Hearing Loss Classification and Pathology
Hearing loss is a partial or total reduction in the ability to perceive sound, and audiology organizes it by where in the auditory pathway the problem lies. The principal split is between conductive losses, which involve the outer or middle ear, and sensorineural losses, which involve the cochlea or auditory nerve; a third category, central or retrocochlear disorders, involves processing beyond the cochlea. This area orients the reader to that classification scheme and the pathologies behind each type.
Definition
Hearing loss is a measurable decrease in hearing sensitivity or function, classified by the site of the underlying lesion within the auditory system into conductive (outer/middle ear), sensorineural (cochlea or auditory nerve), mixed, and central/processing disorders.
Scope
The area surveys the standard typology of hearing loss (conductive, sensorineural, mixed, and central), the anatomical level each type implicates, and the broad mechanisms and population burden of hearing loss. It frames how clinicians and researchers categorize hearing loss for the purpose of description and study; it is not a diagnostic or treatment manual. Detailed pathology of individual entities is developed in the child topics.
Sub-topics
Key concepts
- Site-of-lesion classification (conductive, sensorineural, mixed, central)

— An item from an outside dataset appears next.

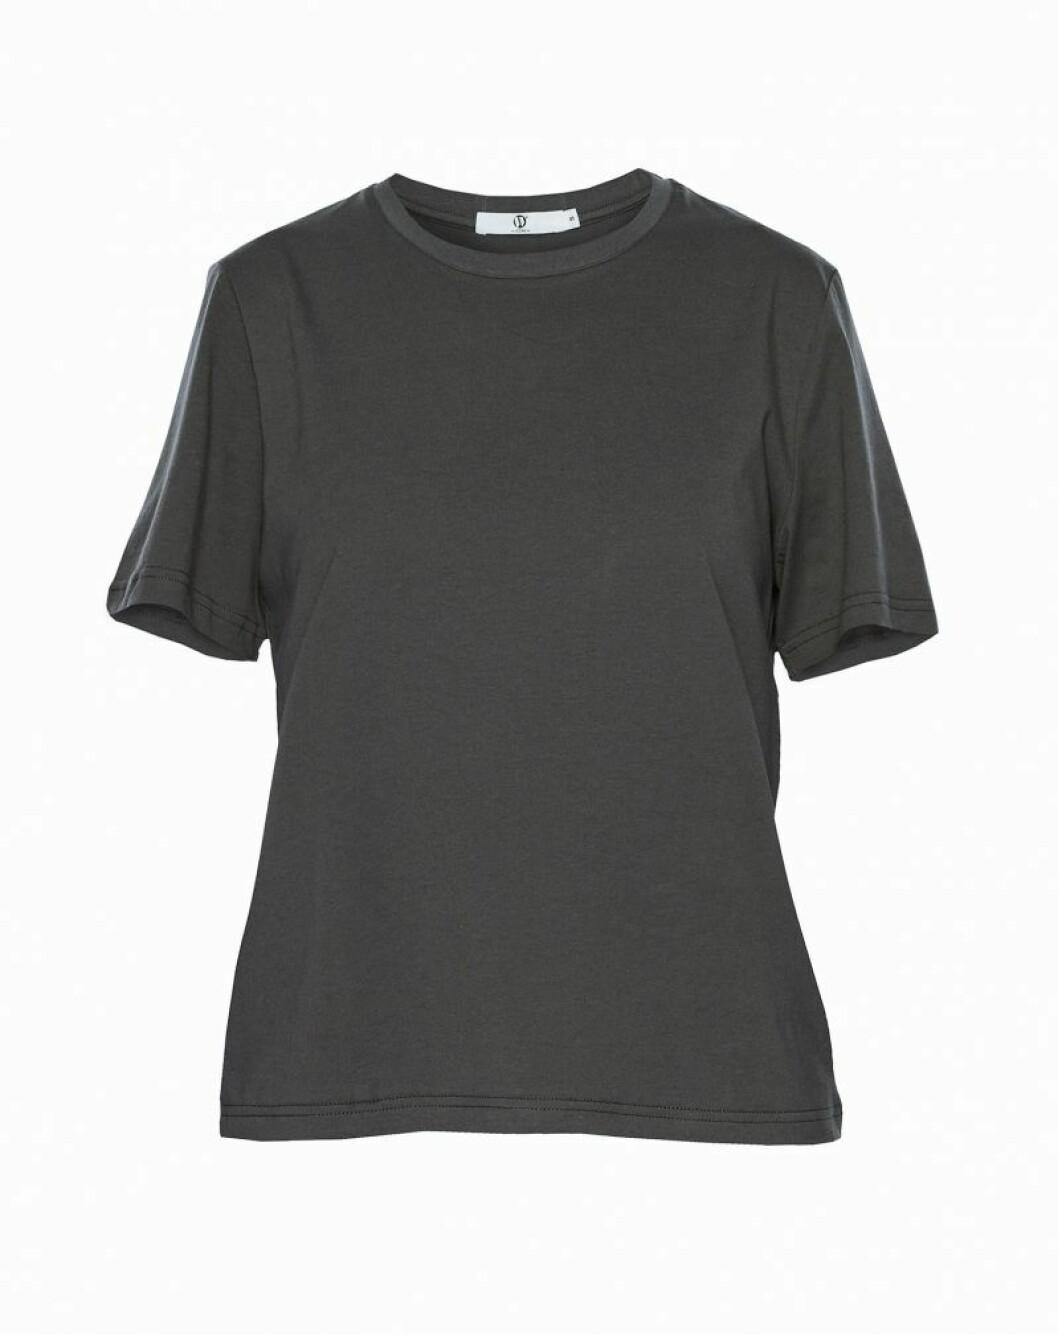 Wakakuu Icons vårkollektion: Grå t-shirt

- Air conduction versus bone conduction
- Degree, configuration, and laterality of loss
- Pure-tone audiometry and the audiogram
- Population burden of hearing loss
- Acquired versus congenital hearing loss
Mechanisms
Classification follows the path of sound through the auditory system. In conductive loss, transmission through the outer or middle ear is impeded, so air-conducted sound is attenuated while bone conduction is relatively preserved. In sensorineural loss, the cochlear hair cells or the auditory nerve are damaged, degrading both air- and bone-conducted hearing. Mixed loss combines both, and central or retrocochlear disorders affect neural processing beyond the cochlea while peripheral structures may be intact. Pure-tone audiometry distinguishes these patterns by comparing air- and bone-conduction thresholds.
Clinical relevance
Understanding how hearing loss is classified underpins how clinicians describe findings, how epidemiologists count cases, and how researchers define study populations. The framework explains why different losses present and behave differently; it is a conceptual orientation and not a basis for individual diagnosis or management decisions.
Epidemiology
Hearing loss is one of the most prevalent chronic conditions worldwide, affecting hundreds of millions of people, with prevalence rising steeply with age. Global health analyses identify it as a leading contributor to years lived with disability and emphasize uneven access to hearing care across regions.
History
Systematic classification of hearing loss grew out of the development of audiometry in the twentieth century, which allowed air- and bone-conduction thresholds to be measured separately and lesions to be localized. The site-of-lesion framework that distinguishes conductive from sensorineural and central disorders became the organizing scheme of clinical audiology and remains the basis of how hearing loss is described and studied.
Key figures
- George A. Gates
- Blake S. Wilson
- Debara L. Tucci
- Lisa L. Cunningham
Related topics
Seminal works
- cunningham-2017
- wilson-2017
- gates-2005
Frequently asked questions
- What is the main way hearing loss is classified?
- By the site of the lesion: conductive (outer or middle ear), sensorineural (cochlea or auditory nerve), mixed (both), and central or processing disorders that affect the brain's handling of sound.
- How do clinicians tell a conductive from a sensorineural loss?
- By comparing air-conduction and bone-conduction thresholds on an audiogram; a gap between them points to a conductive component, whereas both being reduced together points to a sensorineural loss.